Explicit Motor Imagery

Aim:

Explicit Motor Imagery is the process of thinking about moving without actually moving. By imagining movements, we use similar brain areas as we would when we actually move. The aim of this technique is to exercise the brain toward movement, before actually initiating a movement. This can help patients who struggle to initiate movement or who have a poor quality of movement to achieve better initiation and quality of movement. There are many ways to go through this process, including teaching people to imagine themselves performing specific movements or using guided mental imagery such as body scan meditation.

When to consider:

This treatment technique can be very useful for persons who:

  • Report being unsure of where their limb is
  • Experience pain when they think about their limb or about moving that limb
  • Experience increased pain on initiation of movement
  • When mirror treatment has not been tolerated or was found distressing

 

When not to consider:

If people have experienced significant trauma – imagining movements can sometimes evoke fear and pain. Patients with symptoms of Post traumatic stress disorder should only attempt this with an experienced clinician.

Top Tips:

Patients should be encouraged to first practice in a quiet and comfortable place to allow them to concentrate without distraction. When people begin to feel more comfortable and become skilled with this technique they can be encouraged to practice in different environments such as at work, whilst walking, etc.

People should be encouraged to imagine themselves moving, rather than watching or imagining other people moving.

Asking a patient to imagine movement at the site of pain can sometimes increase pain and become quite traumatic. Therefore, it is often helpful to begin imagined movements on the opposite side, or on the same side away from the site of pain, and gradually move toward the area of the pain.

Patients will sometimes struggle to imagine how it should feel to move the affected limb, in such instances imagined movements should be rehearsed on the unaffected side first to allow the patient to appreciate and attend to the experience. It can also sometimes be helpful for someone else to demonstrate a movement prior to the person practicing an imagined movement themselves. However, the person should always be encouraged to work towards imagining themselves moving rather than watching or imagining other people moving.

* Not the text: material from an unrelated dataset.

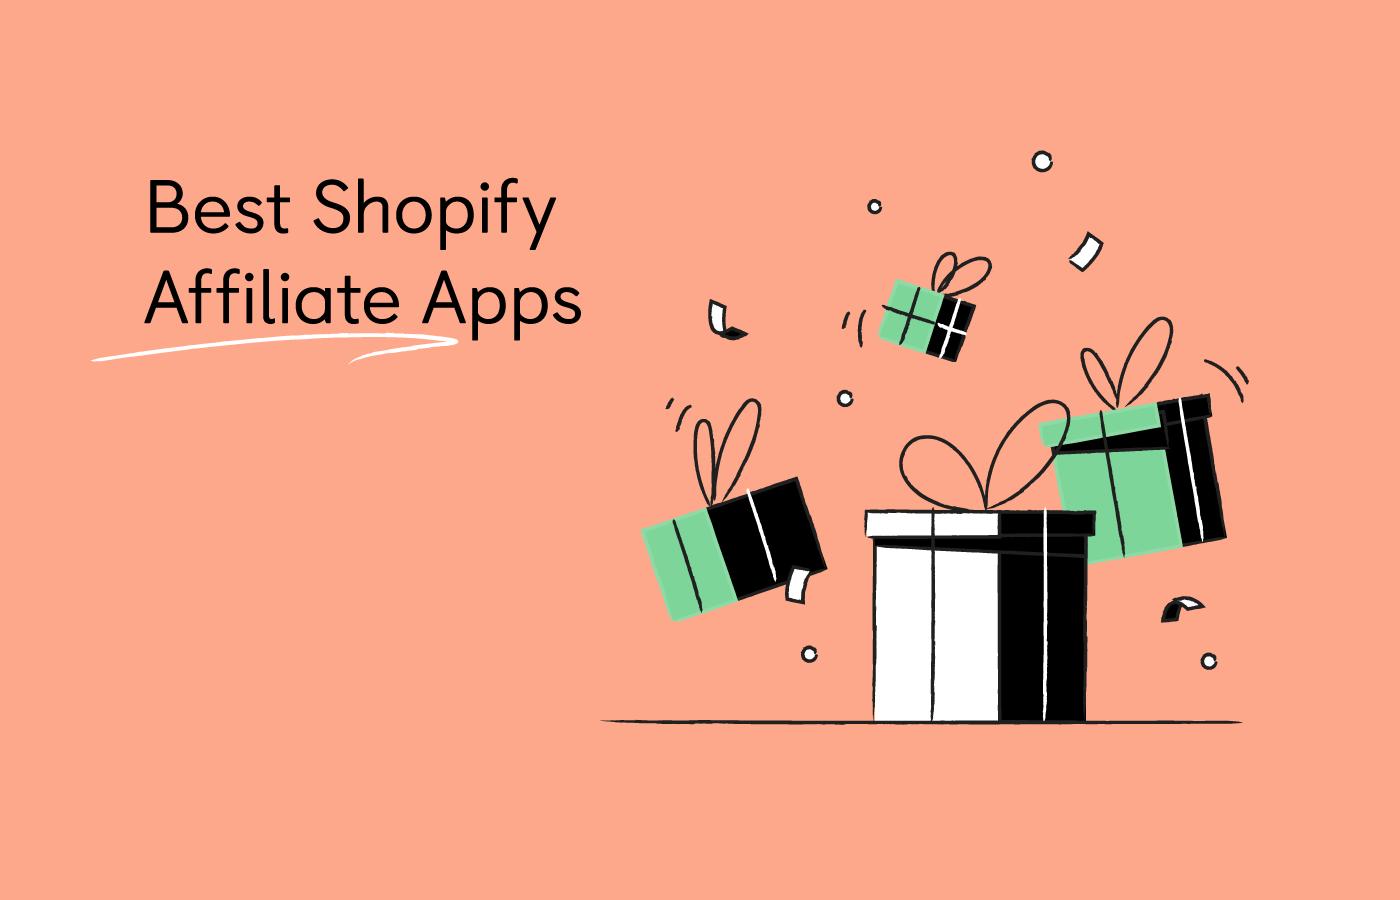 10 Best Shopify Affiliate App Options [2021]
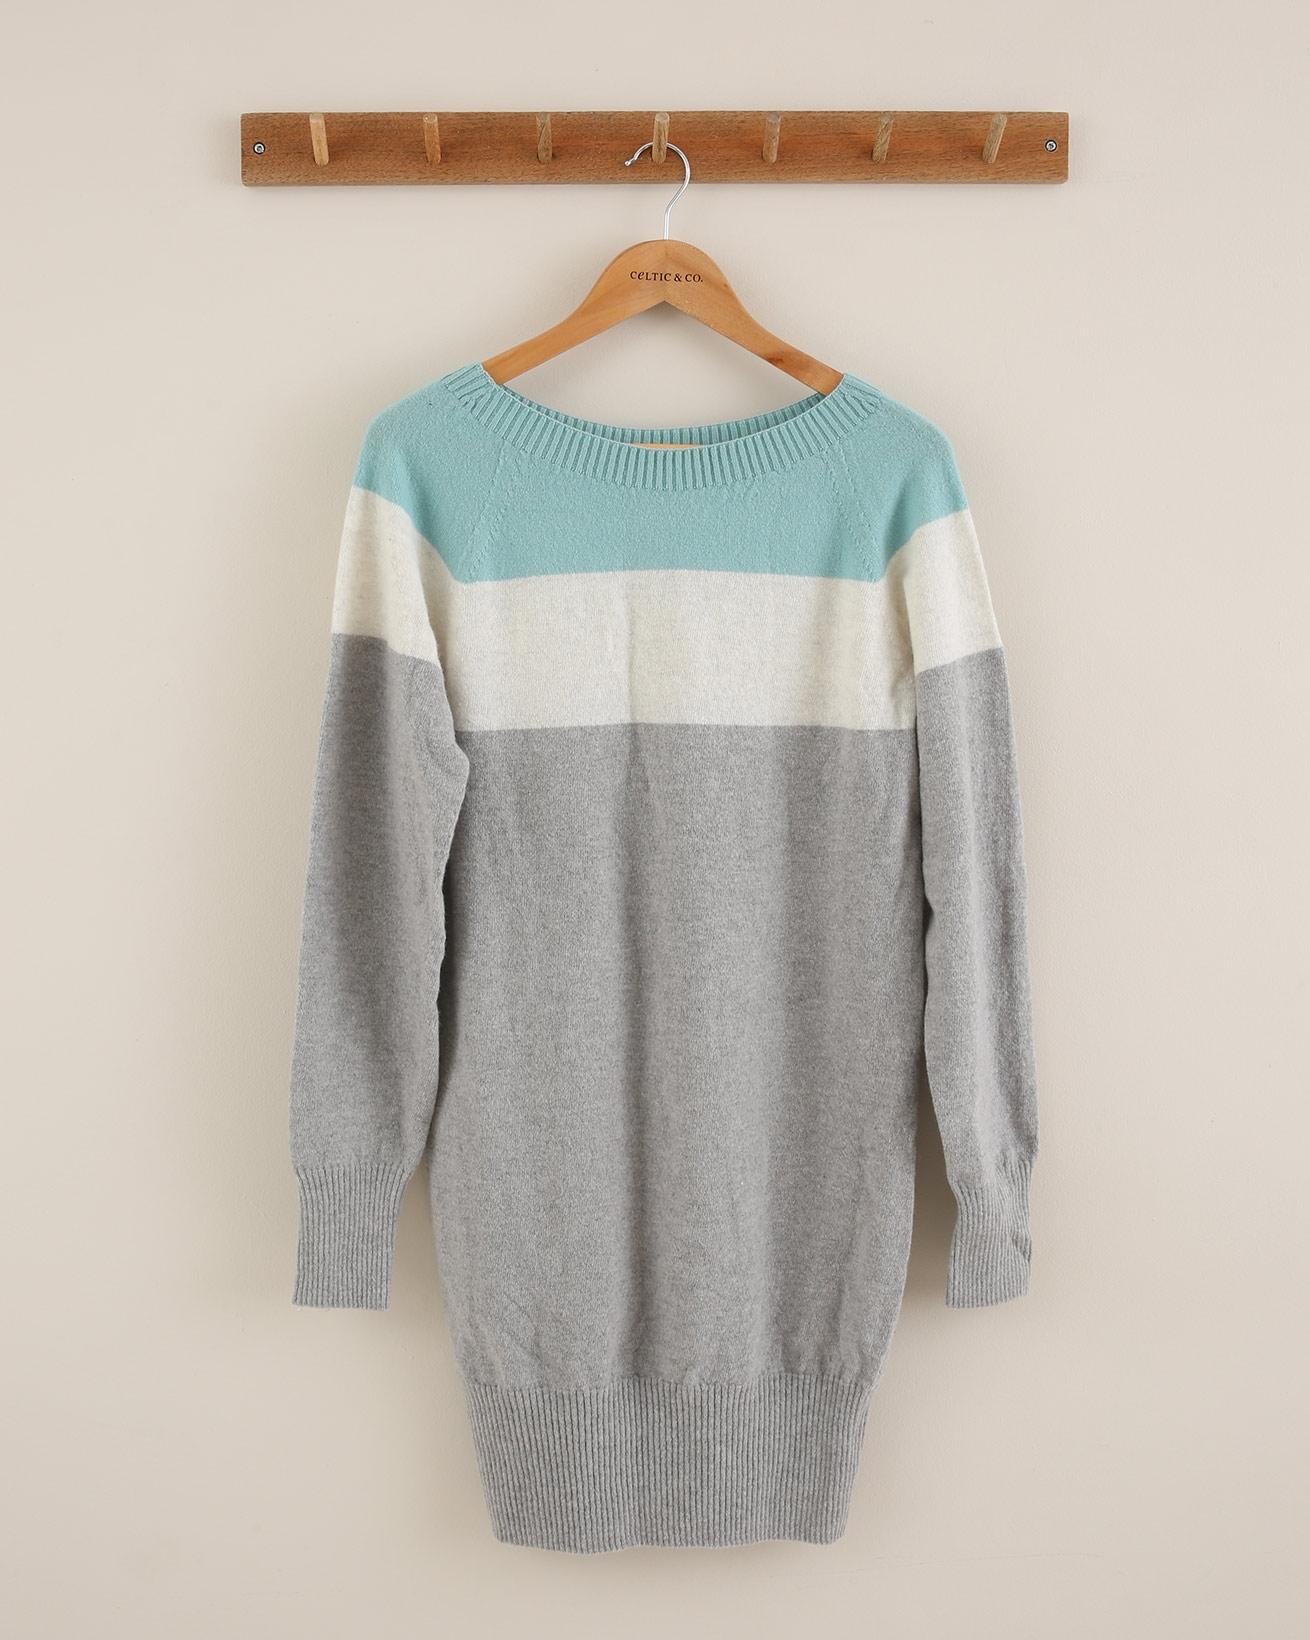 Supersoft Slouch Dress - Size Small - Aqua colourblock - 1695

Persons should practice this technique regularly and consistently. Practice should be ideally several times a day. Patients should practice for a length of time that they feel they can adequately sustain concentration for; on days where the pain is particularly bad this may require shorter periods.

This type of exercise is often a new experience for patients and there are no right and wrongs in respect to how this should feel. Patients should be steered away from making judgments as to whether they are doing it right or wrong but focus more on what they notice through the experience.

The range of imagined movement requires careful grading. Patients should not begin to imagine large movements which they know their limb is currently unable to perform, but begin with small-amplitude gentle movements.